Increased susceptibility to Con A-induced hepatitis in BTLA^−/− mice. A, BTLA^−/− mice (solid line) and WT mice (dotted line) were injected i.v. with Con A (20 mg/kg), and the survival of the mice was evaluated for 48 h (n = 5 mice in each group). BTLA^−/− mice and WT mice were injected i.v. with a sublethal dose of Con A (10mg/kg). B, The liver was excised at 24 h after Con A injection. Representative photomicrographs (H&E staining) of the liver of BTLA^−/− mice and WT mice are shown (n = 6 mice in each group). C, Sera were collected at 12 and 24 h after Con A injection, and the levels of ALT and AST were determined. Data are means ± SD (n = 6 mice in each group; *p < 0.05; * *p < 0.01). D, Sera were collected at 1, 3, 8, and 24 h after Con A injection, and the levels of TNF-α, IFN-γ, IL-4, and IL-10 were determined. Data are means ± SD (n = 4 mice in each group; *p < 0.05). E, One hour after Con A injection, liver mononuclear cells were isolated and the expression levels of Fas ligand (FasL) were analyzed by flow cytometry. Shown are representative histograms for FasL expression on T cells (CD3ε⁺ α-GalCer/CD1d–dimer⁻), NKT cells (CD3ε⁺ α-GalCer/CD1d–dimer⁺), and NK cells (CD3ε⁻ NK1.1⁺) in the liver (n = 4 mice in each group).
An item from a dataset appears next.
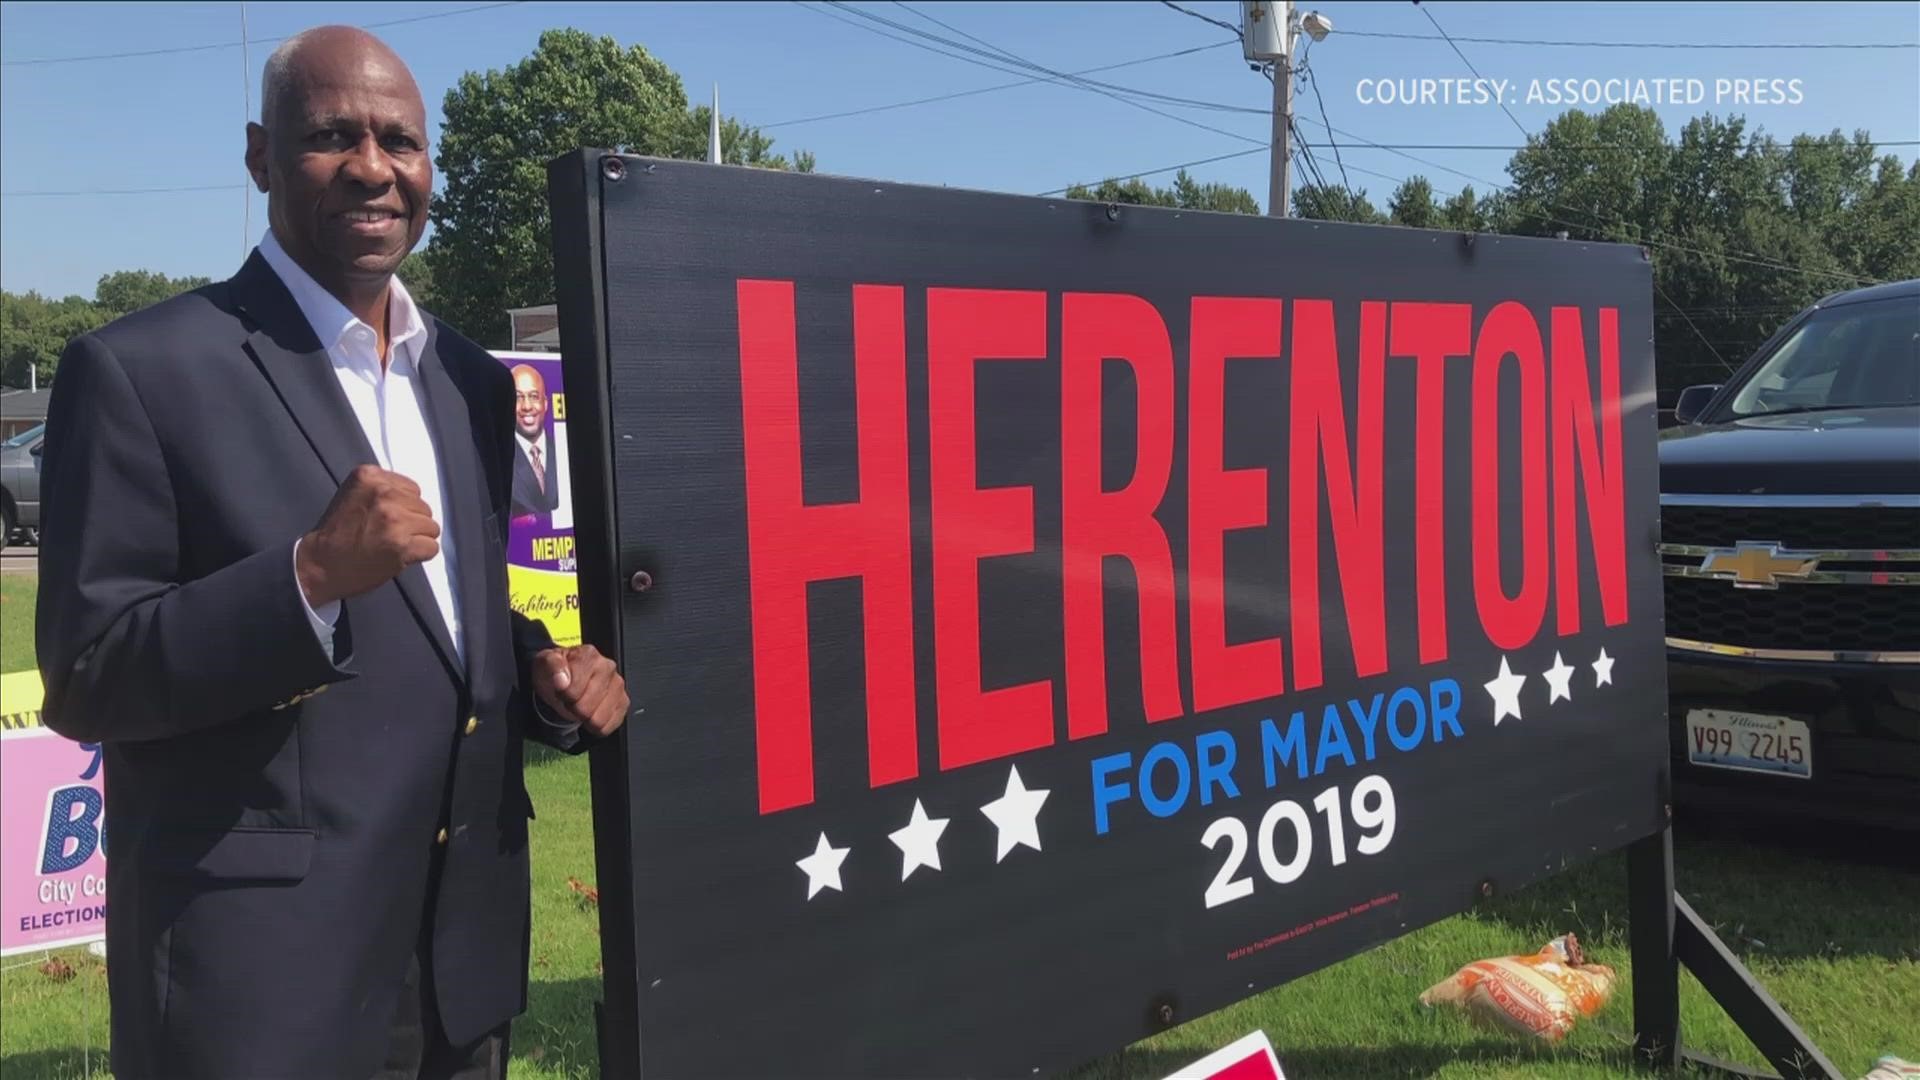 Herenton has announced his candidacy for Memphis mayor on Monday through his Facebook page.

To examine the immune responses to Con A in BTLA^−/− mice in detail, we used a sublethal dose of Con A (10 mg/kg) for BTLA^−/− mice in the following experiments. First, we performed histologic examination of the liver of Con A-injected BTLA^−/− mice and WT mice. As shown in Fig. 4B, liver sections from Con A-injected BTLA^−/− mice showed a massive necrosis and mononuclear cell infiltration in the portal area. In addition, the levels of ALT and AST in sera of BTLA^−/− mice were significantly elevated, compared with those of WT mice at 12 and 24 h after Con A injection (n = 6; *p < 0.05; **p < 0.01; Fig. 4C), confirming the increased susceptibility to Con A-induced hepatitis in BTLA^−/− mice.
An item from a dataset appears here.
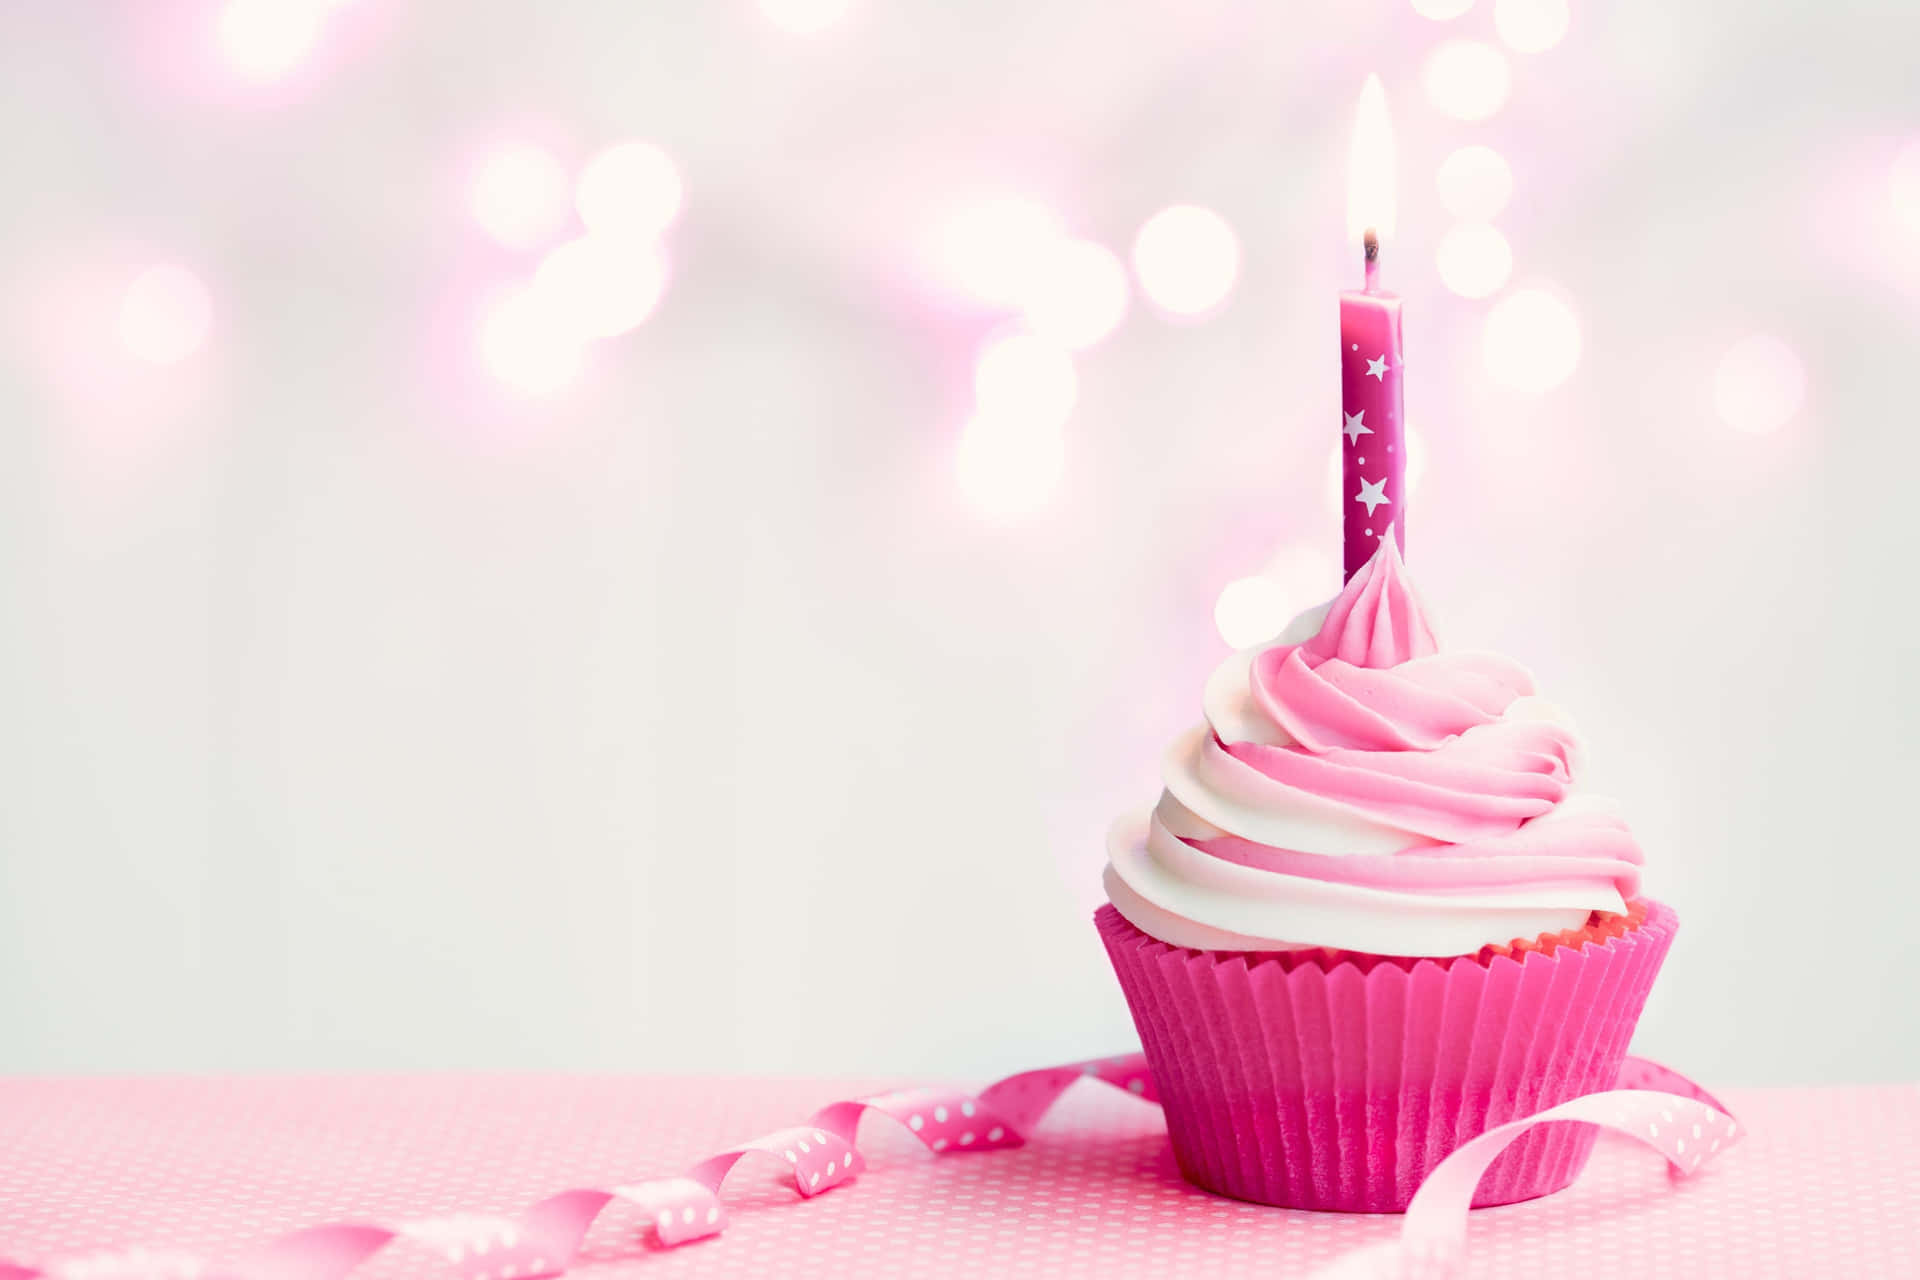 A Pink Cupcake With A Candle On Top

A number of studies have suggested a proinflammatory role of TNF-α, IFN-γ, and IL-4 and a protective role of IL-10 in the Con A-induced hepatitis (24–26). It has also been demonstrated that IL-4 produced by NKT cells is implicated in liver damage in Con A-induced hepatitis (19, 27). Therefore, we measured cytokine levels in sera of Con A-injected BTLA^−/− mice and WT mice. The levels of TNF-α and IFN-γ showed a sharp increase in Con A-injected BTLA^−/− mice, and the peaks were higher than those in WT mice (Fig. 4D). The levels of TNF-α and IFN-γ reverted to the baseline at 24 h after Con A injection in WT mice, but remained elevated in BTLA^−/− mice (Fig. 4D). Con A-injected BTLA^−/− mice also exhibited prolonged IL-4 production, compared with WT mice (Fig. 4D). Alternatively, the levels of IL-10 were comparable between Con A-injected BTLA^−/− mice and WT mice (Fig. 4D).
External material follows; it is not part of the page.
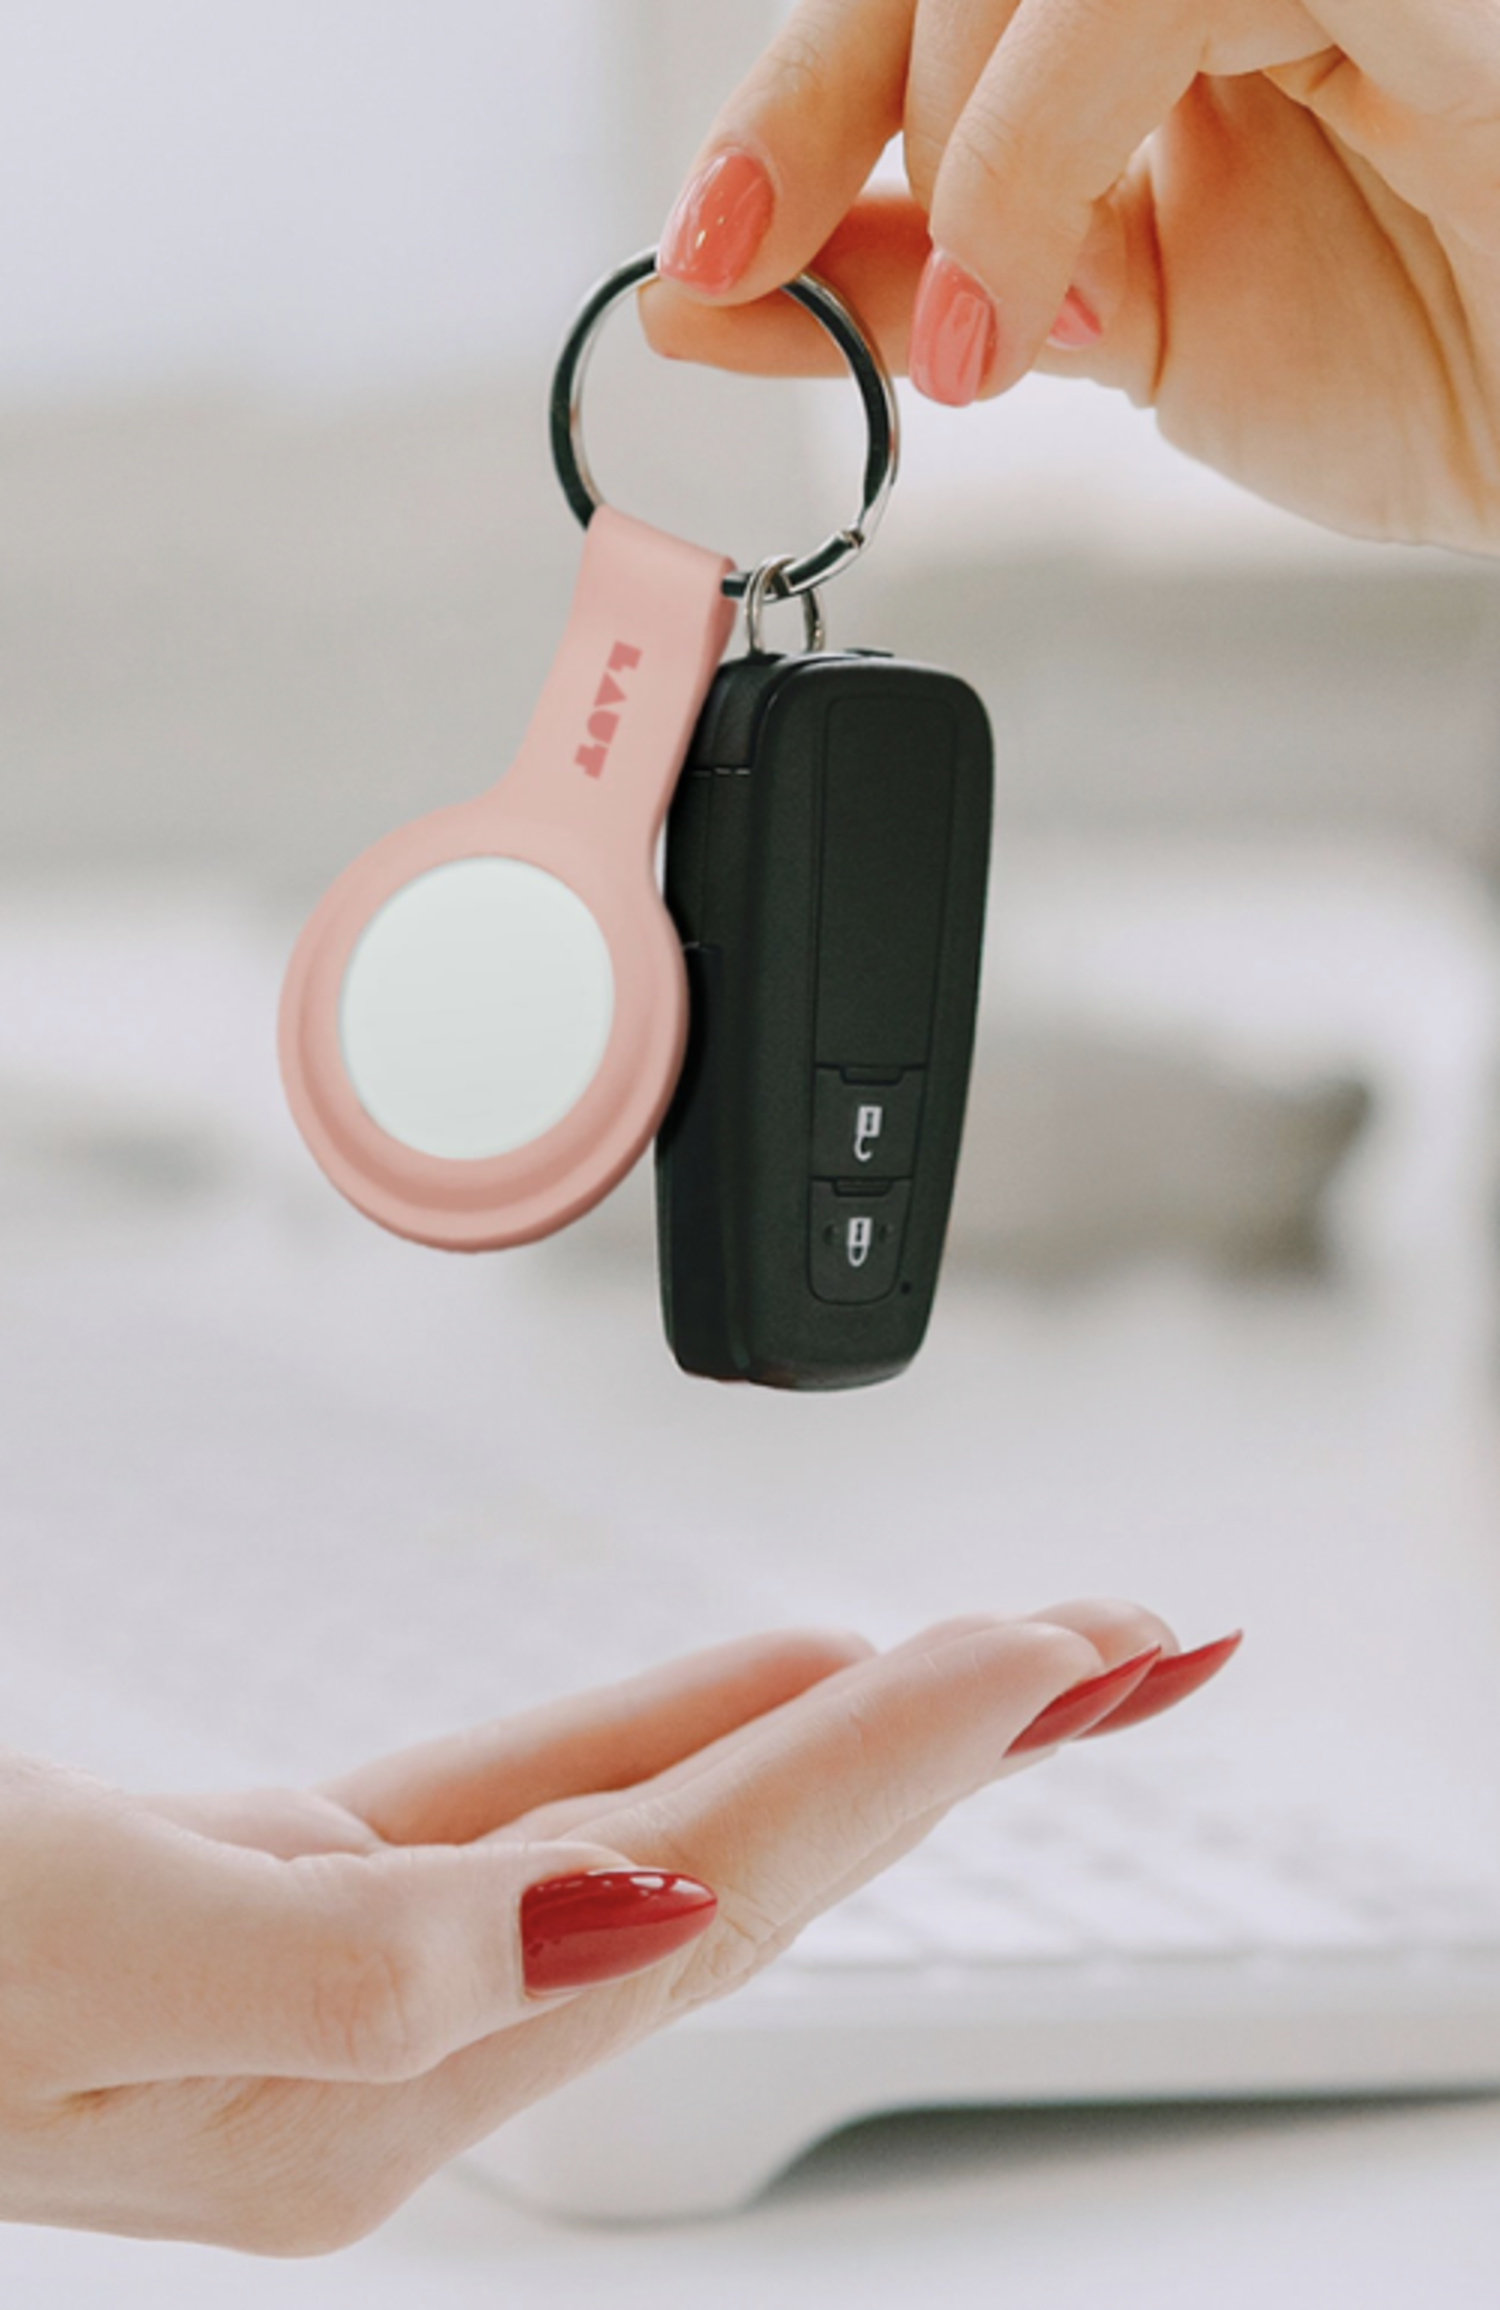 Save Your Fingers with the 2nd Generation Keyring from Orbitkey

It has been reported that hepatic NKT cells rapidly upregulate FasL expression on the surface and induces apoptosis of hepatocytes upon Con A stimulation (19, 20). We therefore examined FasL expression on hepatic NKT cells in Con A-injected BTLA^−/− mice and WT mice. As shown in Fig. 4E, FasL was upregulated on NKT cells but not on T cells or NK cells at 1 h after Con A injection in both BTLA^−/− mice and WT mice. The levels of FasL on NKT cells were similar between BTLA^−/− mice and WT mice, suggesting that FasL expressed on NKT cells could not account for the enhanced susceptibility to Con A-induced hepatitis in BTLA^−/− mice.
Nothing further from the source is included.